Untangling Genomes from Metagenomes (Attn. SOLiD users)

Untangling Genomes from Metagenomes (Attn. SOLiD users)


Professor E. Virginia Armbrust, one of our collaborators, published an interesting paper on de novo assembly of metagenomes that is worth paying attention to.

Especially those working on SOLiD data can find use in the tools developed by professor Armbrust’s group, even if you are not working directly on metagenomic data. Vaughn Iverson, the first author of the paper, is a very bright bioinformatician, and he found the standard Velvet assembly program to be of limited use in his analysis. Therefore, he developed a set of custom programs to generate larger scaffolds by connecting and extending contigs generated by Velvet.

Vaughn is depositing his custom programs at github under GPL license. A user manual is available at this github link.

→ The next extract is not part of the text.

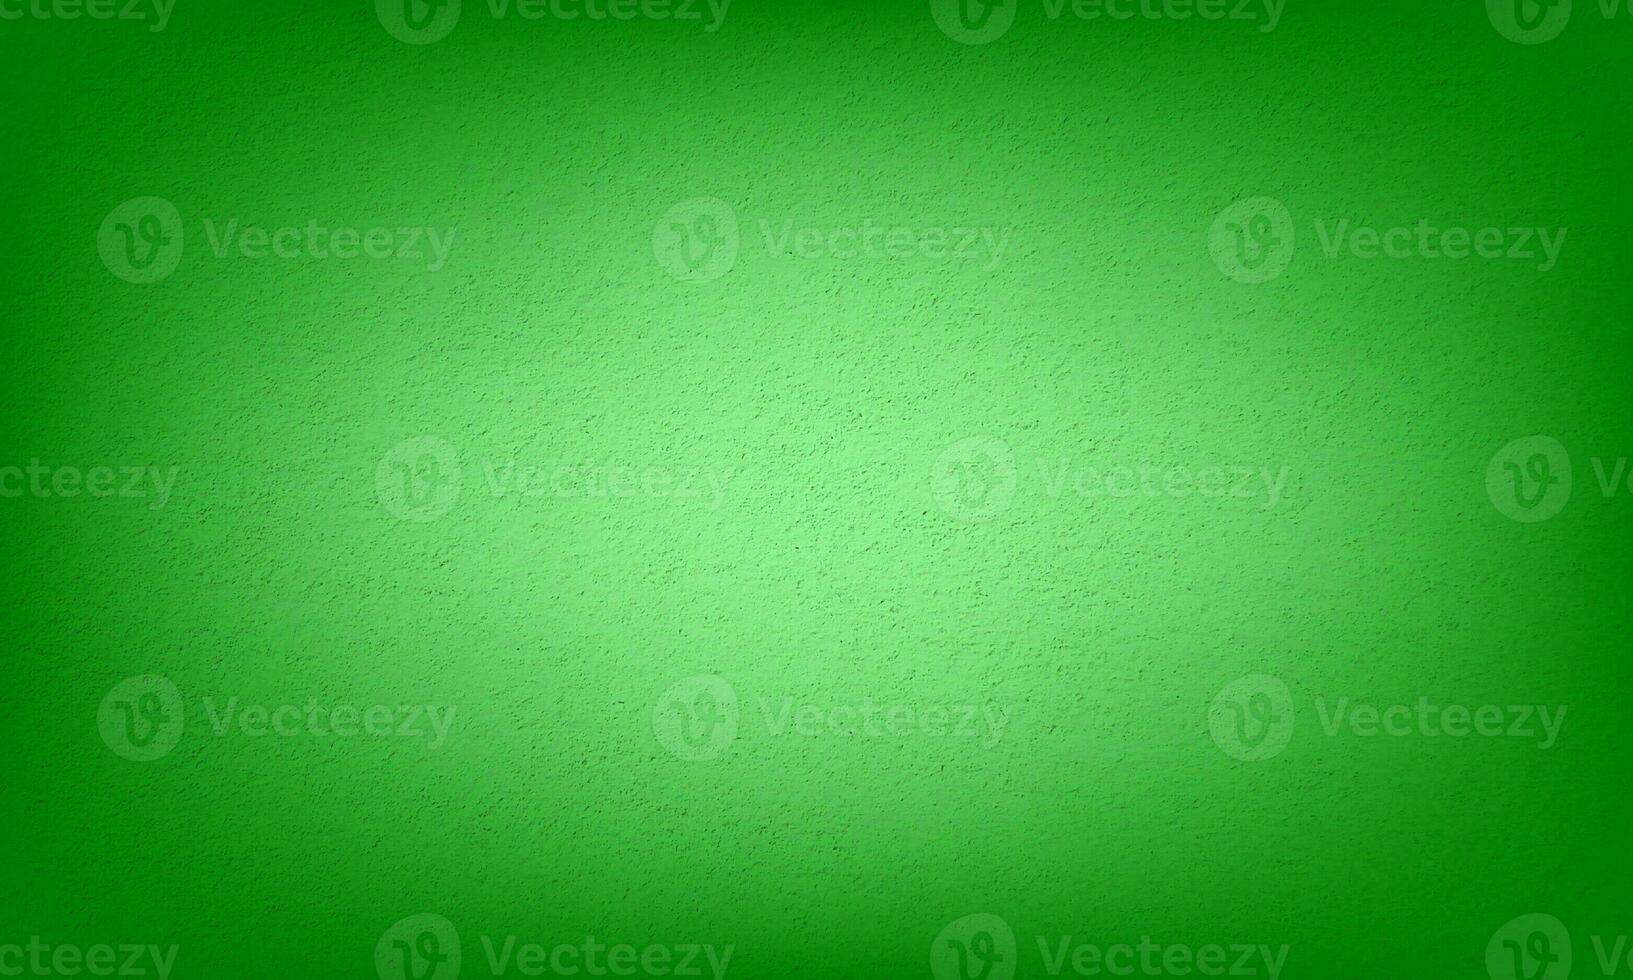 fondo de yeso abstracto de color degradado verde foto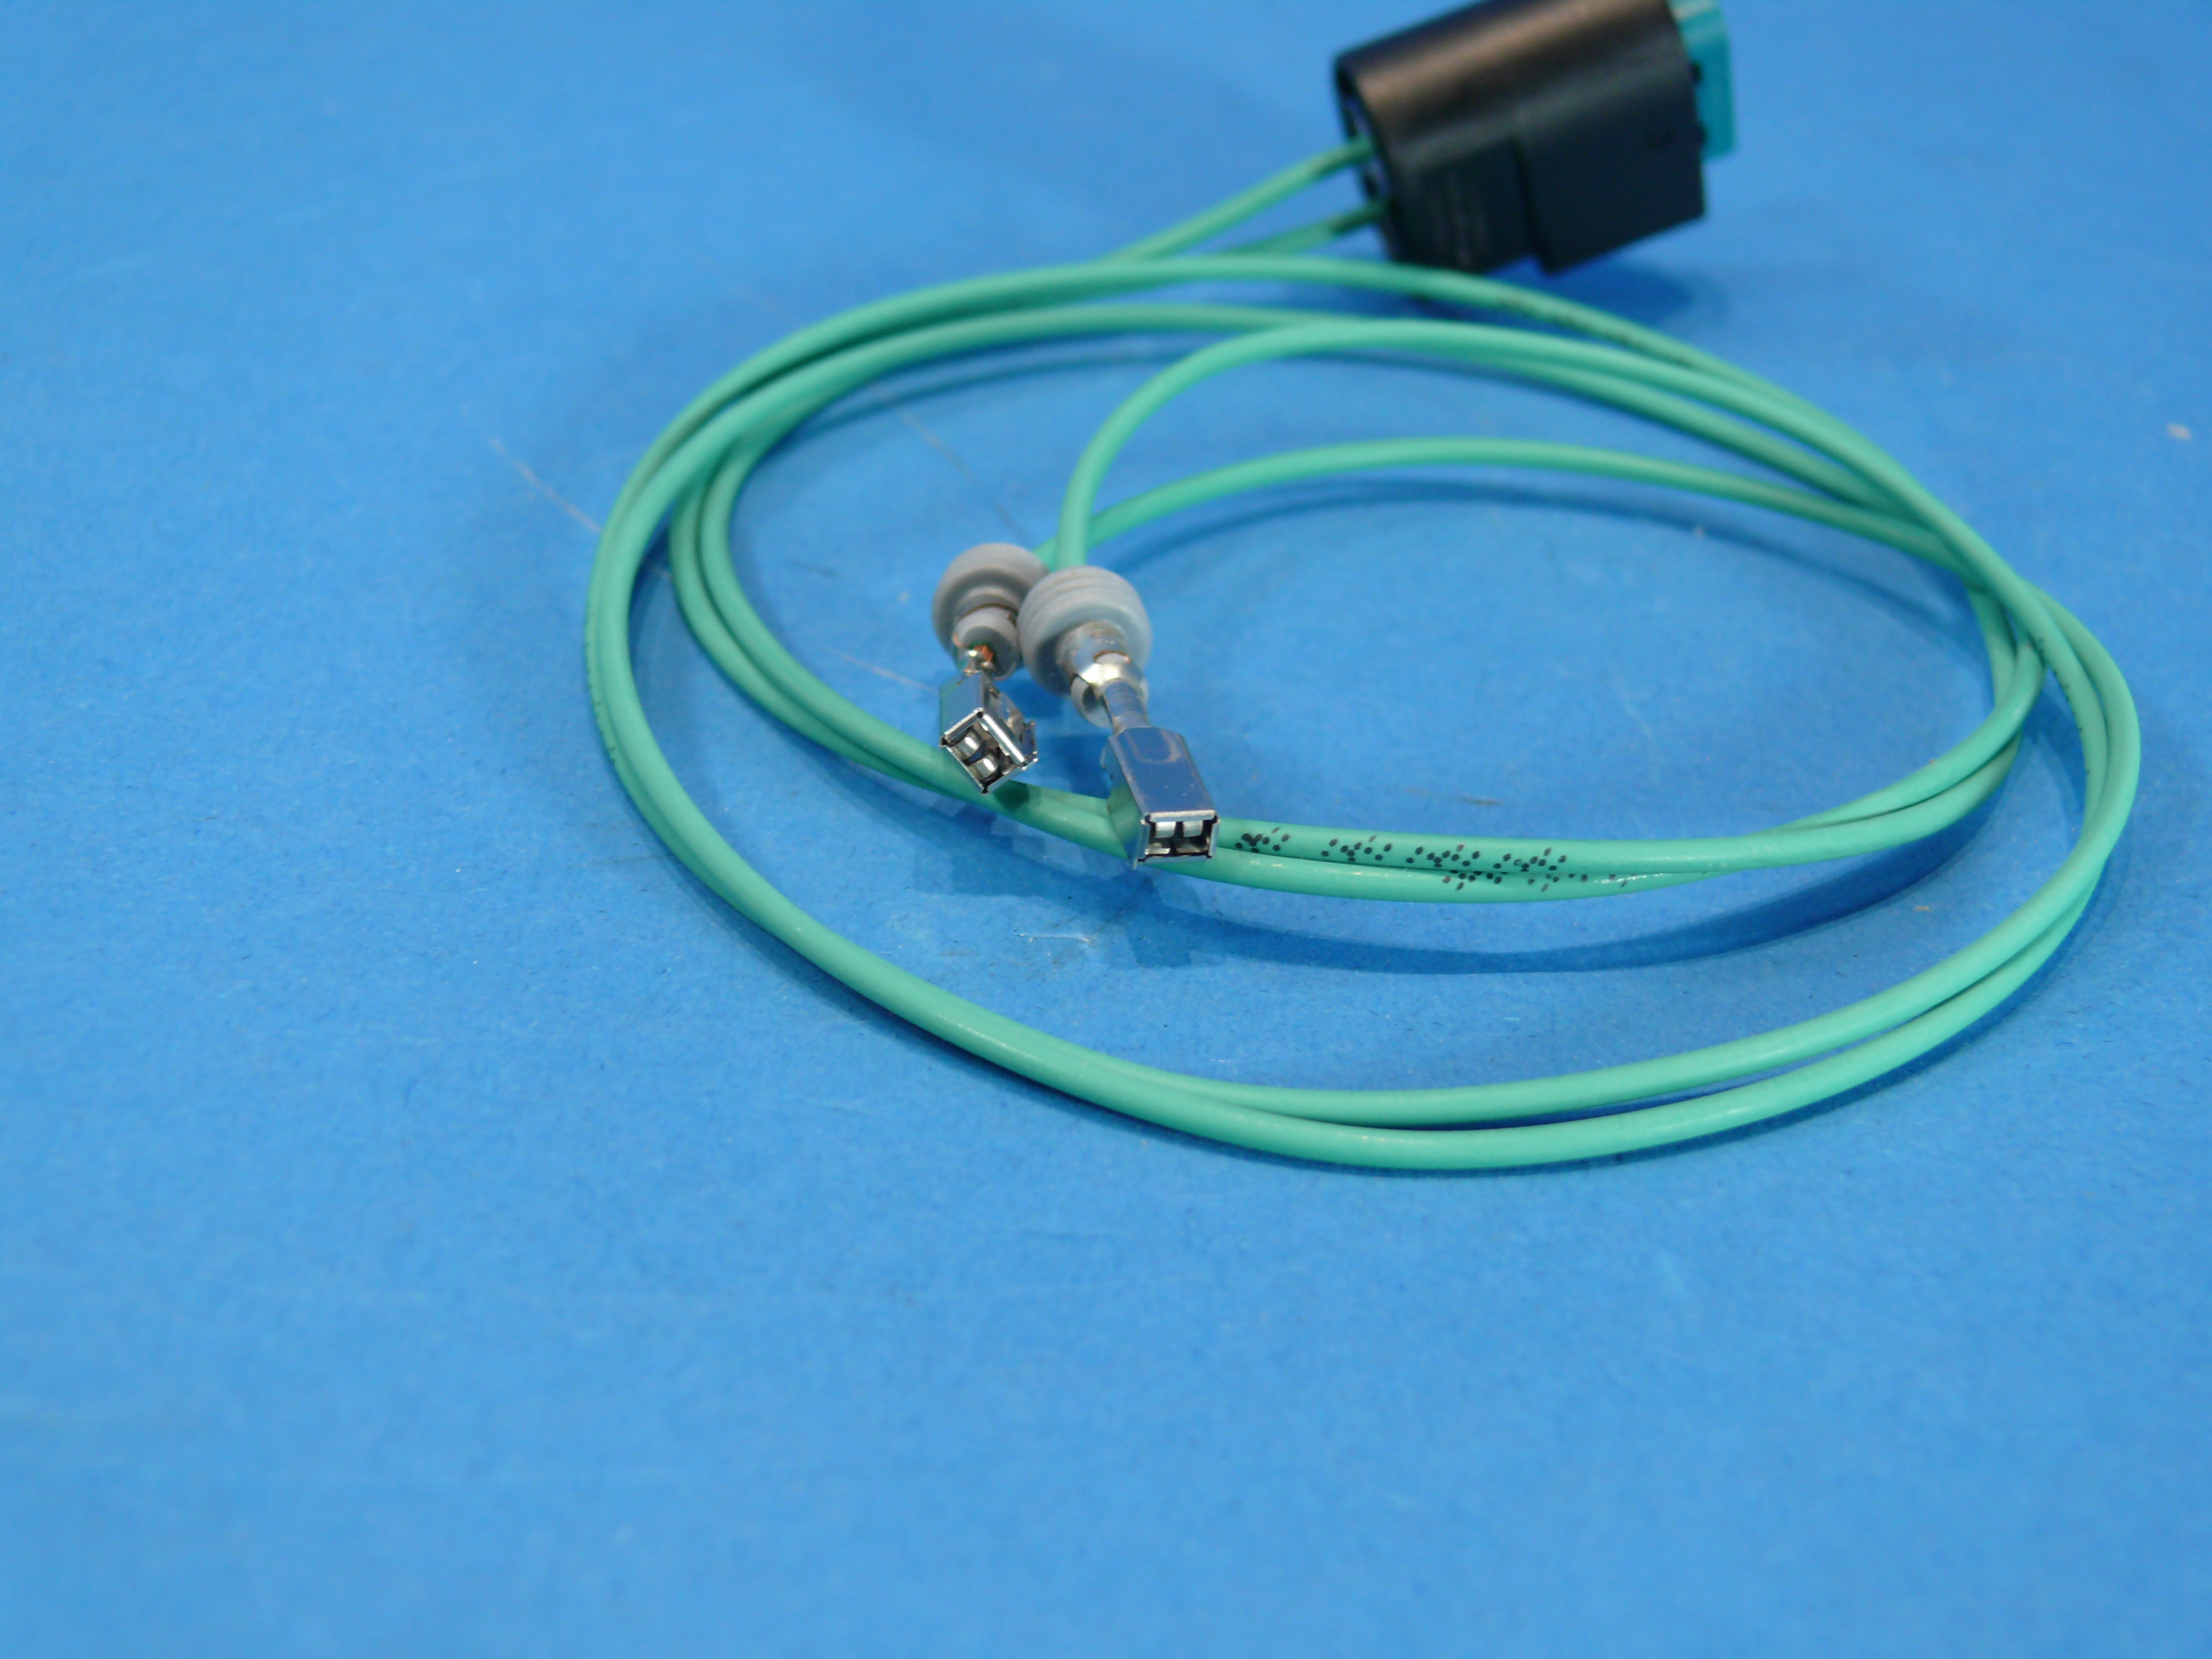 FMW Tuning & Autoteile - Kabelsatz mit Stecker für z.B. Blinker / Hupe /  Dieselpumpe / Nebelscheinwerfer / Nebelschlußleuchte / Standlicht  (61138373332,61130007256)

Here is the abstract of the paper -

Untangling Genomes from Metagenomes: Revealing an Uncultured Class of Marine Euryarchaeota

Vaughn Iverson, Robert M. Morris, Christian D. Frazar, Chris T. Berthiaume, Rhonda L. Morales, E. Virginia Armbrust

Ecosystems are shaped by complex communities of mostly unculturable microbes. Metagenomes provide a fragmented view of such communities, but the ecosystem functions of major groups of organisms remain mysterious. To better characterize members of these communities, we developed methods to reconstruct genomes directly from mate-paired short-read metagenomes. We closed a genome representing the as-yet uncultured marine group II Euryarchaeota, assembled de novo from 1.7% of a metagenome sequenced from surface seawater. The genome describes a motile, photo-heterotrophic cell focused on degradation of protein and lipids and clarifies the origin of proteorhodopsin. It also demonstrates that high-coverage mate-paired sequence can overcome assembly difficulties caused by interstrain variation in complex microbial communities, enabling inference of ecosystem functions for uncultured members.